CHOICE has looked at all the important factors to ensure your fake tan is a success and not a disaster. The bottom line, however, is that fake tanning products are highly personal, so you may need to try a few before you find one that suits.
What to look for
Form: Fake tanning products come in a variety of forms, including lotion, spray, mousse and gels. Mousses are the most popular option – they dry quickly and deliver a deep tan, though it may not last as long as a lotion. Lotions are the next most popular – they're simple to apply and often recommended for beginners. Spray products allow you to apply it to hard-to-reach places, such as your back.
Tinting: A tinted product allows you to see where you've applied it straightaway. Some other products are clear (your skin becomes tanned as a result of the chemical reaction with the product over time) and it can be difficult to judge the evenness of the tan as you're applying it.
Scent: Some fake tans can have very strong scents, which can linger on the skin and in some cases even transfer onto clothes.
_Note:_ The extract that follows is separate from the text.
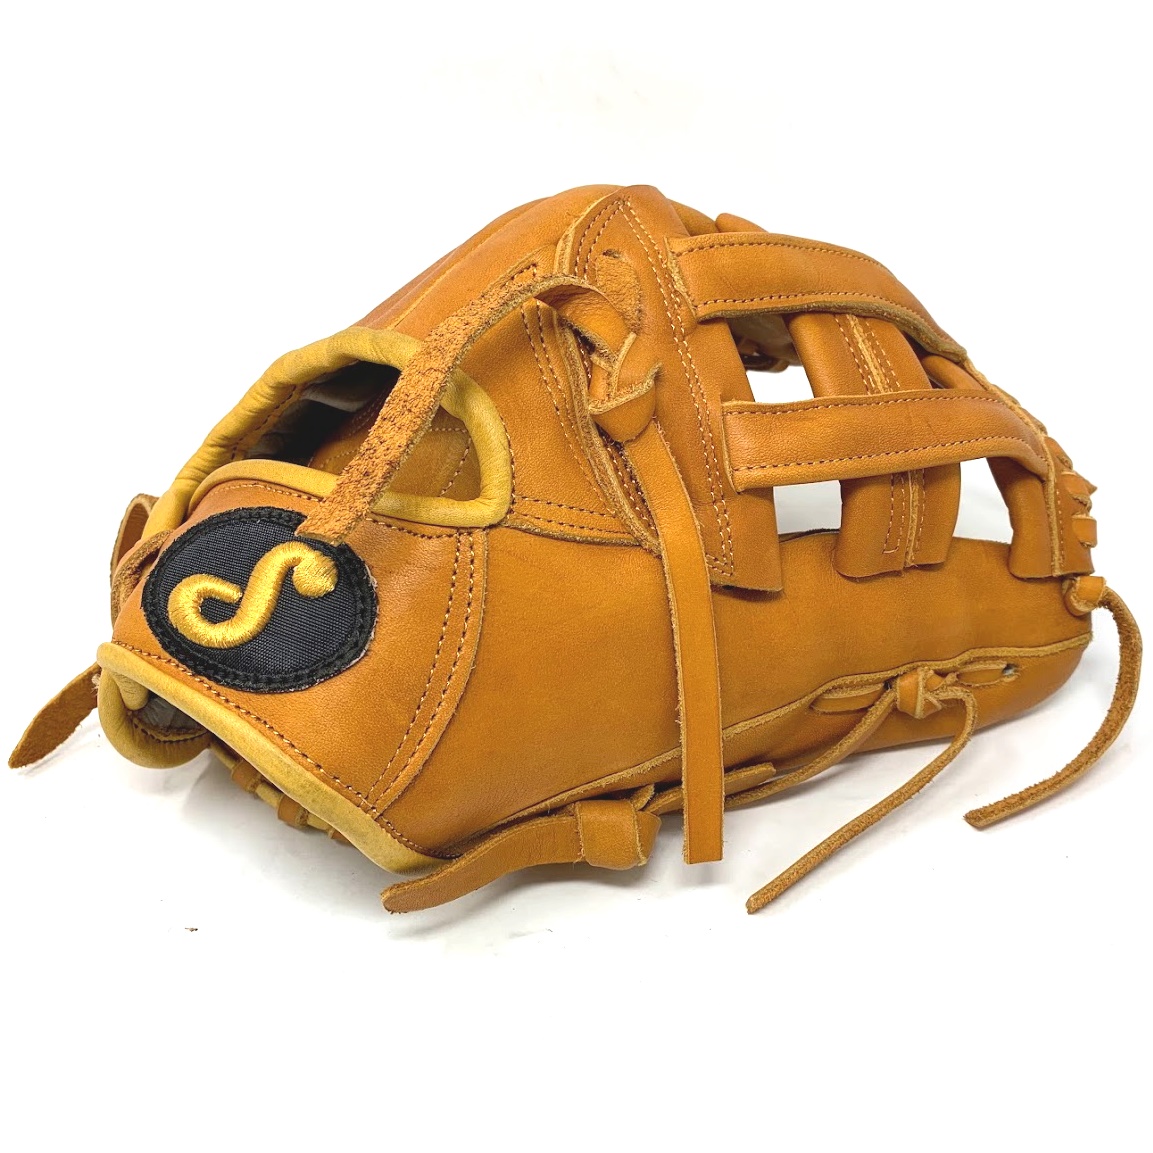 soto-honey-12-inch-h-web-baseball-glove-right-hand-throw S20-12-HC-H-RightHandThrow soto  Made in Mexico    The Soto family has been making gloves

That being said, whether the smell is pleasant or not is clearly a very personal preference. So when you're out shopping for a fake tanning product, make sure you check whether you can live with the smell before buying it.
Staining: Fake tans can stain towels, clothes, bed linen and carpets. Check for information on transference on packaging, but bear in mind not all products that stain will have warnings on them.
Duration: Don't expect your tan to last more than a few days without reapplying. If you're after something that will last a while, check the packaging to find out the expected duration – some last better than others.
Gradual tan: Some products, when applied daily, gradually build up a natural-looking tan, rather than turning you bronzed overnight.
Drying times: Drying times vary between products. Some dry in less than a minute, while others take 20 minutes or longer. Look for a product that absorbs quickly and doesn't leave you feeling too greasy afterwards.
Sun protection still needed
Self-tanning products don't protect you from exposure to the sun, except for a short burst when first applied if they contain a broad spectrum sunscreen. Even fake tans that do have sunscreen only provide short-term protection for two to four hours after application, not for the length of time the tan remains on the skin.
Top fake tanning tips
- Exfoliate with a body scrub or loofah before applying self tan. Pay particular attention to dry areas such as elbows, knees and ankles.
- If it's the first time you've used a product, test it on a small (and inconspicuous) patch of skin first to see if you like the colour.
- Use fake tan sparingly around your elbows, knees, ankles and hairline.
- Wear a tanning mitt, or disposable latex gloves to avoid staining your hands. If you're applying tanner to your arms, a good trick to avoid the colour stopping at your wrists is to rub the backs of your hands together with a little tanner so your palms aren't stained.
- Try to avoid contact with water for about three hours after applying the tan. This includes activities that'll make you sweat, as it could streak the tan.
- If you've had a tanning disaster, there are some self-tan remover products available.
For more on fake fan, see our review of ten different fake tan products.
Leave it to a pro?
A spray-on tan is a popular alternative to DIY tanning products. This involves an operator spraying the tanning product onto your skin with an airbrush. You can get it done at a salon, but there are also a number of mobile tanning companies that will come to your home. While it will cost more than a bottle of fake tan from the supermarket, the tan should last longer – around seven to 10 days.